- **Required action**
Of the lines in the data below, write out exactly those from the one holding "Selbst die Radkappen" through the one holding "couchtisch retro sheesham", both included.

== Material to process ==

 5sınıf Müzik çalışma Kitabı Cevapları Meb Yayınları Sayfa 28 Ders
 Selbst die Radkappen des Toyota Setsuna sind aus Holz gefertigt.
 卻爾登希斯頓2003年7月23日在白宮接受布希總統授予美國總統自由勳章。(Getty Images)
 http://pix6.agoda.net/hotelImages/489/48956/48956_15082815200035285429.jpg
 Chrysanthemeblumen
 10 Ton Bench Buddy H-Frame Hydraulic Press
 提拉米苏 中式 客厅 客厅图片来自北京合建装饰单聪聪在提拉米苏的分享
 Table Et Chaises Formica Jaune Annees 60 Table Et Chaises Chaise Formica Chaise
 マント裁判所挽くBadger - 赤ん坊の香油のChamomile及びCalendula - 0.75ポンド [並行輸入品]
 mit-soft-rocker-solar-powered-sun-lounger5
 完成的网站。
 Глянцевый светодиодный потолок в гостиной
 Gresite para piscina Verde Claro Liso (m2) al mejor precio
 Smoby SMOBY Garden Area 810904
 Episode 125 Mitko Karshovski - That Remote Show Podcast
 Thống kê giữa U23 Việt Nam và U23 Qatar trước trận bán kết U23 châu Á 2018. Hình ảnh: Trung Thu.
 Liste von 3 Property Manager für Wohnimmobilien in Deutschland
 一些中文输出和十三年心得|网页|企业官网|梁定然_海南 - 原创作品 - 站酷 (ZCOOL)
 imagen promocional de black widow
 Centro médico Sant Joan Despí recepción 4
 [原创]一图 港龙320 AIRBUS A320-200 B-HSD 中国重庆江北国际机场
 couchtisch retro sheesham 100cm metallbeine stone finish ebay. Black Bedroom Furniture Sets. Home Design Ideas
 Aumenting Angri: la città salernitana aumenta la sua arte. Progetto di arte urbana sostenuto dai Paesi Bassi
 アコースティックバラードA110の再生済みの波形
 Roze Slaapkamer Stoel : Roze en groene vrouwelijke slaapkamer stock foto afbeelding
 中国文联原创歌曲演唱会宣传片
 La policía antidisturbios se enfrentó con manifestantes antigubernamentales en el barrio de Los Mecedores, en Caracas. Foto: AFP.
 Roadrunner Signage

===

- **Reply**
 Selbst die Radkappen des Toyota Setsuna sind aus Holz gefertigt.
 卻爾登希斯頓2003年7月23日在白宮接受布希總統授予美國總統自由勳章。(Getty Images)
 http://pix6.agoda.net/hotelImages/489/48956/48956_15082815200035285429.jpg
 Chrysanthemeblumen
 10 Ton Bench Buddy H-Frame Hydraulic Press
 提拉米苏 中式 客厅 客厅图片来自北京合建装饰单聪聪在提拉米苏的分享
 Table Et Chaises Formica Jaune Annees 60 Table Et Chaises Chaise Formica Chaise
 マント裁判所挽くBadger - 赤ん坊の香油のChamomile及びCalendula - 0.75ポンド [並行輸入品]
 mit-soft-rocker-solar-powered-sun-lounger5
 完成的网站。
 Глянцевый светодиодный потолок в гостиной
 Gresite para piscina Verde Claro Liso (m2) al mejor precio
 Smoby SMOBY Garden Area 810904
 Episode 125 Mitko Karshovski - That Remote Show Podcast
 Thống kê giữa U23 Việt Nam và U23 Qatar trước trận bán kết U23 châu Á 2018. Hình ảnh: Trung Thu.
 Liste von 3 Property Manager für Wohnimmobilien in Deutschland
 一些中文输出和十三年心得|网页|企业官网|梁定然_海南 - 原创作品 - 站酷 (ZCOOL)
 imagen promocional de black widow
 Centro médico Sant Joan Despí recepción 4
 [原创]一图 港龙320 AIRBUS A320-200 B-HSD 中国重庆江北国际机场
 couchtisch retro sheesham 100cm metallbeine stone finish ebay. Black Bedroom Furniture Sets. Home Design Ideas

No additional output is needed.